How many XRP wallets are there?
The ledger tracks activated addresses rather than wallets or people, and that count only ever rises because abandoned addresses are never removed.
How many people own 1,000 XRP?
No source can tell you, but 1,000 XRP is a permanent one hundred-millionth of XRP's fixed 100 billion supply, which is a steadier way to measure your position than a percentile.
How many people own 5,000 XRP or 10,000 XRP?
The same answer applies: 5,000 XRP is one twenty-millionth of total supply and 10,000 XRP is one ten-millionth, and unlike a percentile, neither figure will ever change.
What percentage of XRP holders own the most?
The top addresses hold a large share of the supply, but much of that is exchange custody standing in for millions of individual customers, so the headline concentration figure overstates how concentrated real ownership is.

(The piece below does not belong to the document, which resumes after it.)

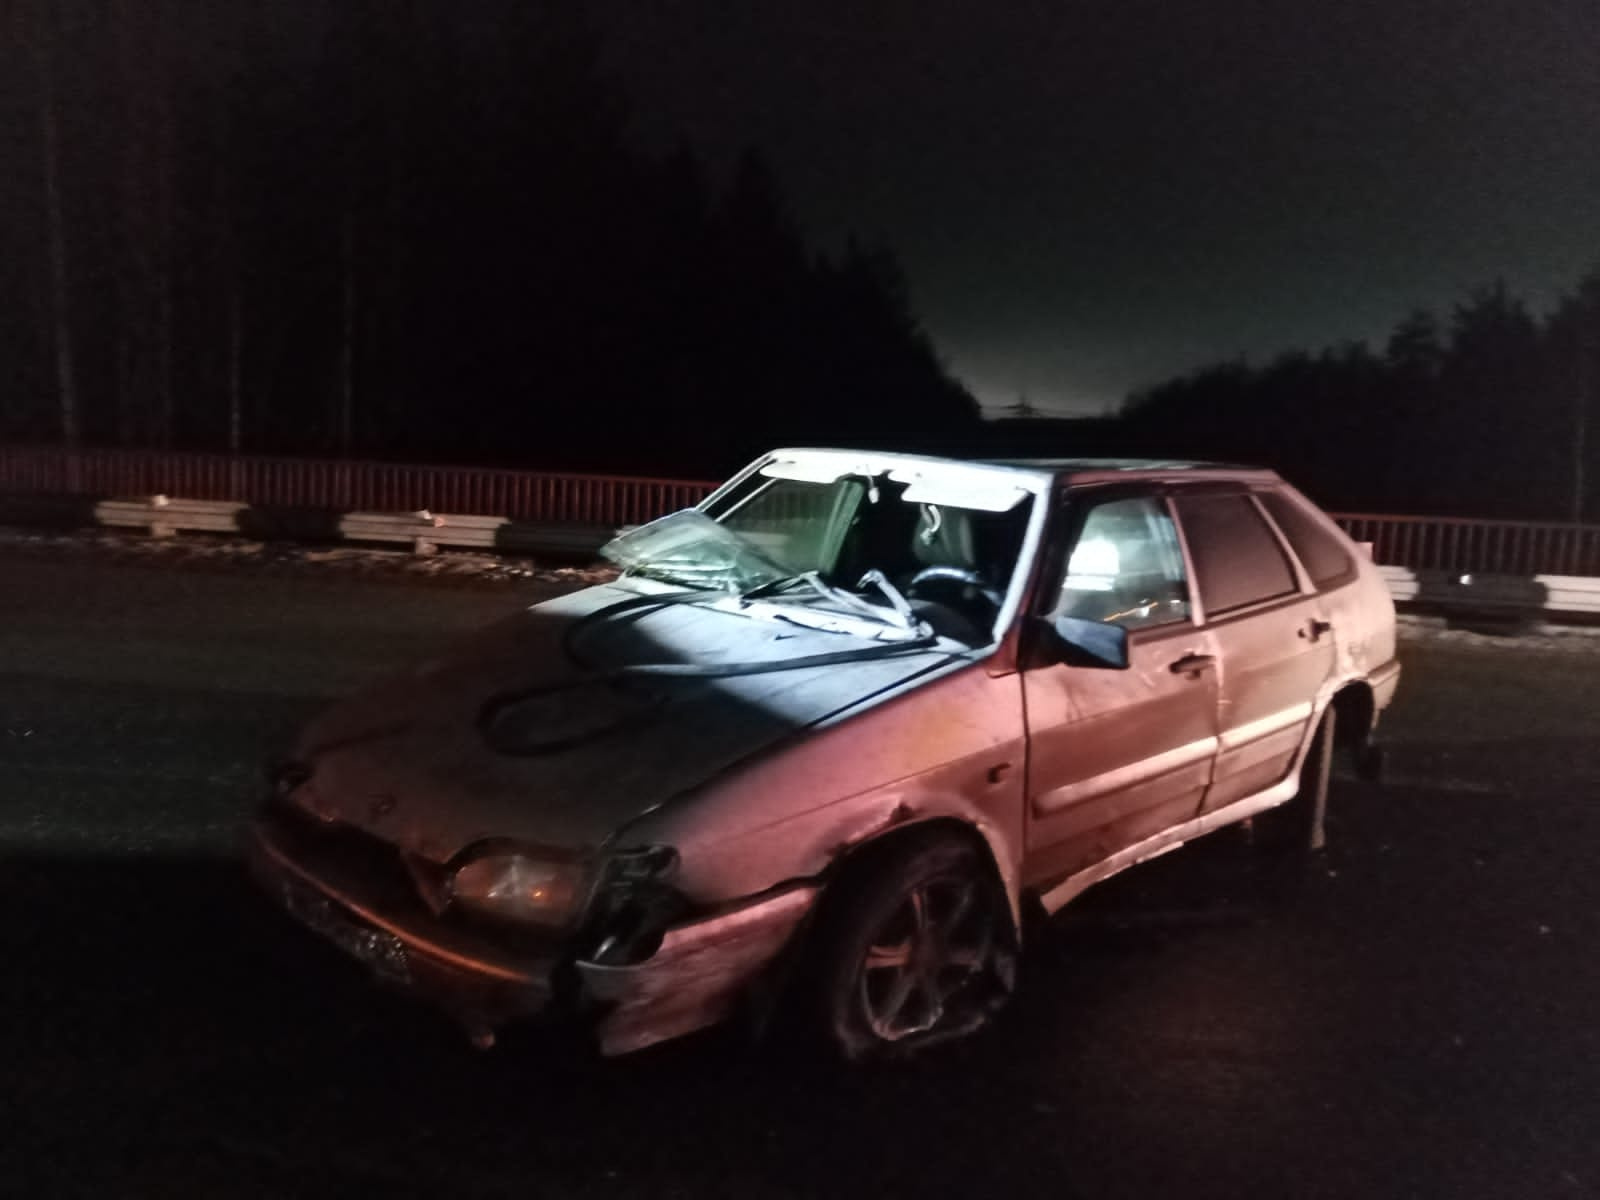 Не заметил брёвна в темноте: водитель легковушки попал в ДТП на Серовском тракте

Why do different sites give different numbers of XRP holders?
Because each one picks a different definition of "holder" and a different snapshot moment, and most are copying an estimate from another site rather than measuring anything.
Can I see how many people own XRP on the blockchain?
You can see every address and balance, and you can look up your own rank on a ledger explorer in about a minute, but you cannot see people — the ledger has no identity layer.
Who owns the most XRP?
Ripple Labs holds the largest share through the escrow contracts it created in 2017; our XRP Rich List guide covers the top addresses in detail.
The number you came here for doesn't exist, and knowing that is more useful than a made-up figure.
Here's what does exist: a public ledger where every balance is visible, a supply capped at 100 billion that will never move, and a reserve rule that explains why the address count keeps climbing whether or not anyone new shows up.
And here's what will never exist on that ledger: you, if your XRP sits on an exchange.
That's not a gap anyone is going to close, because it isn't a gap — it's how hosted custody was designed to work.
Use the fixed things.
Look up your own address and get a real answer instead of a headline.
And when you next see a site quoting a precise count of XRP owners, you know what to ask.
Where did that number come from?
Most of the time, nobody can tell you.